- Goal of the exercise
The lines needed run from the one that contains "China travel visas" through the end of the material below, both included; write them out exactly, with no pictures.

- Information provided
*** Begin section ***

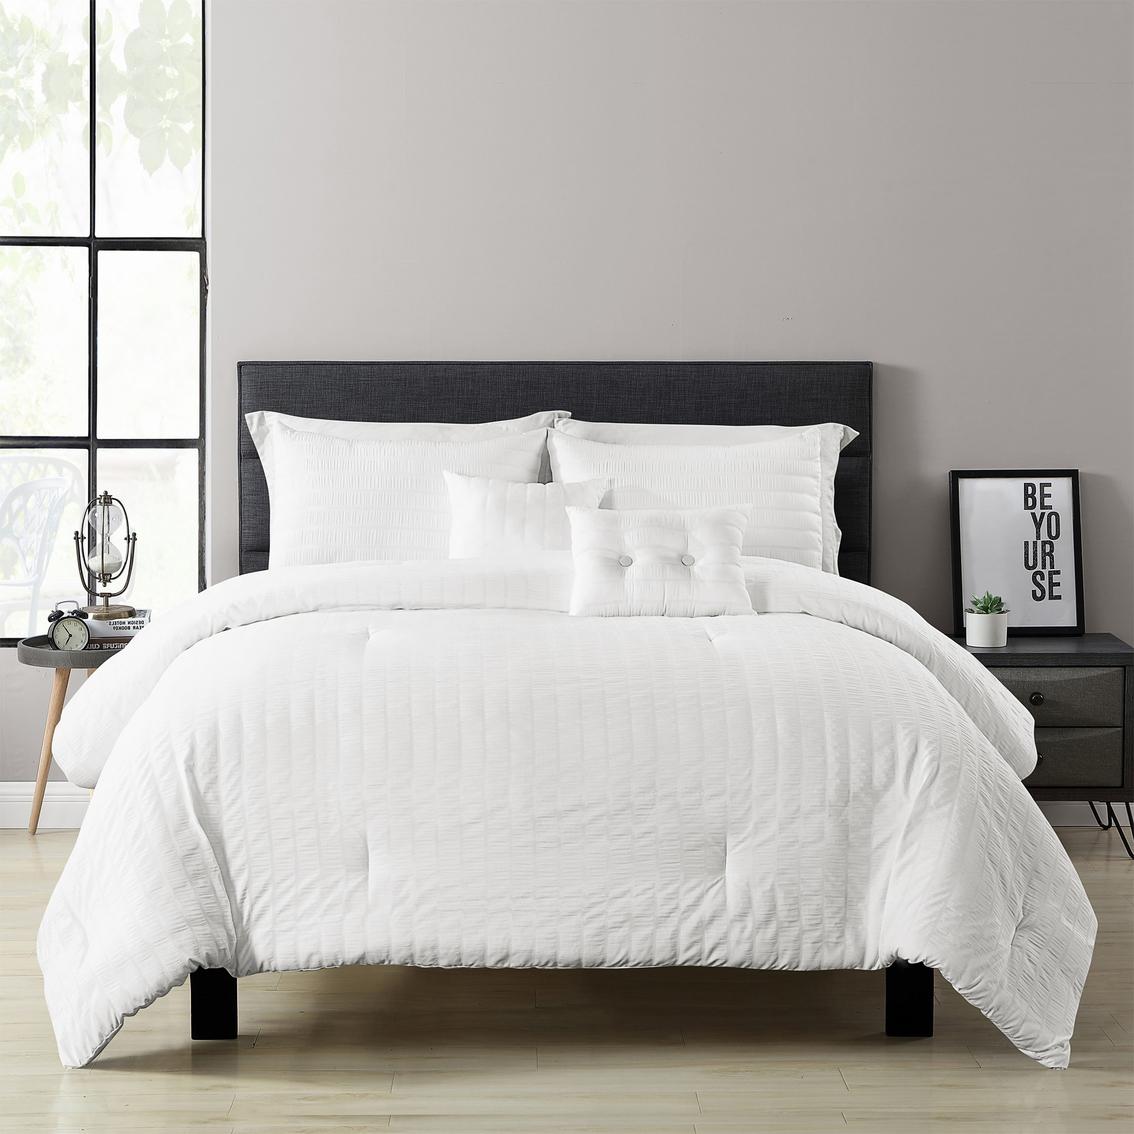 Lush Decor Farmhouse Seersucker 5 Pc Comforter Set Bedding Sets Household Shop The Exchange
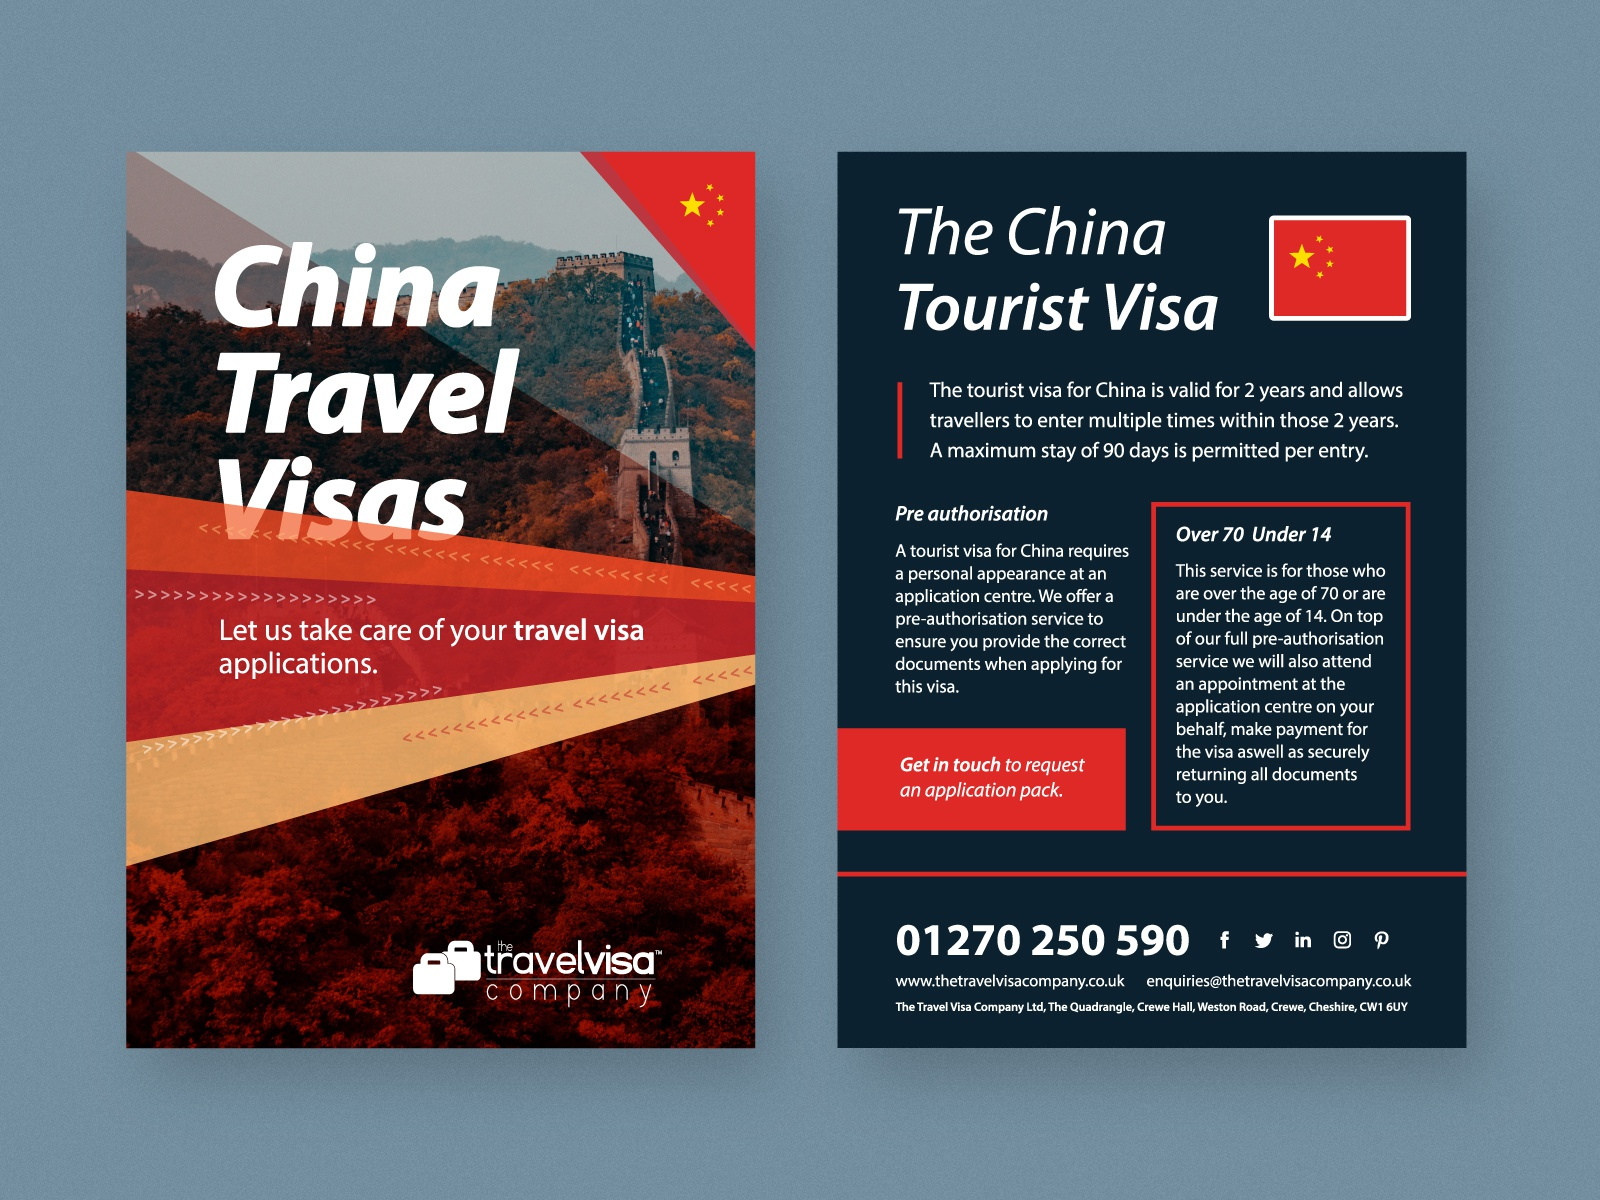 China travel visas
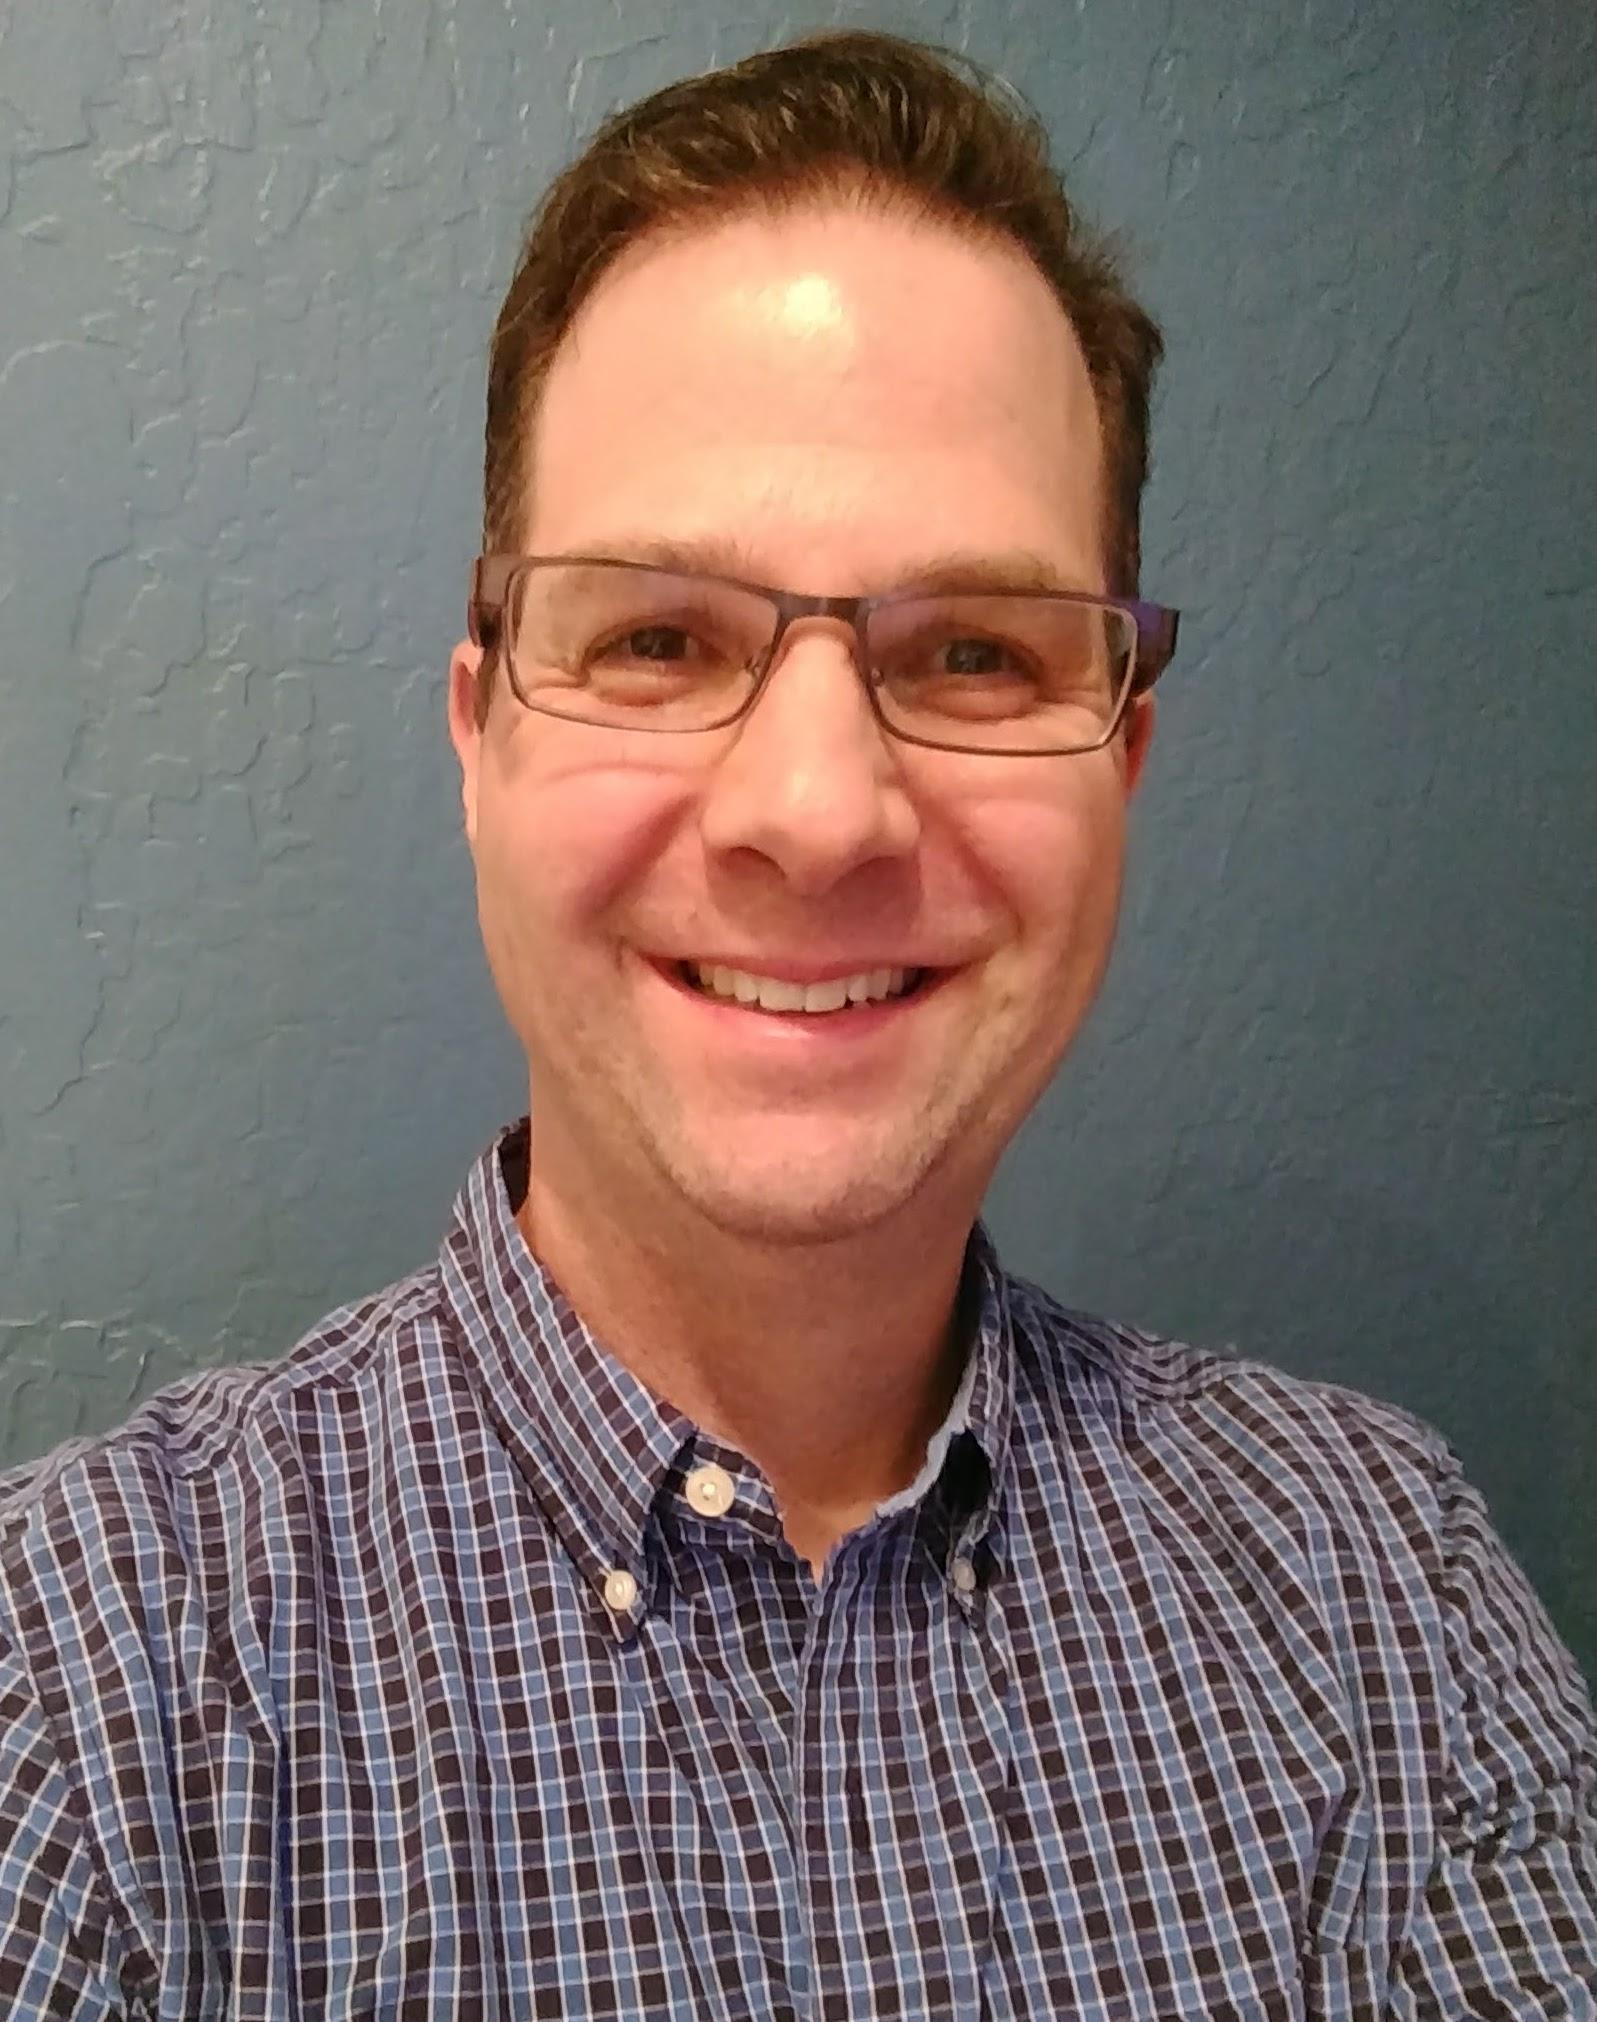 Community XR Partner - Matt Schuster, Executive Director, Public Media Network, Kalamazoo, MI

*** End section ***

- Response to this exercise
 China travel visas
 Community XR Partner - Matt Schuster, Executive Director, Public Media Network, Kalamazoo, MI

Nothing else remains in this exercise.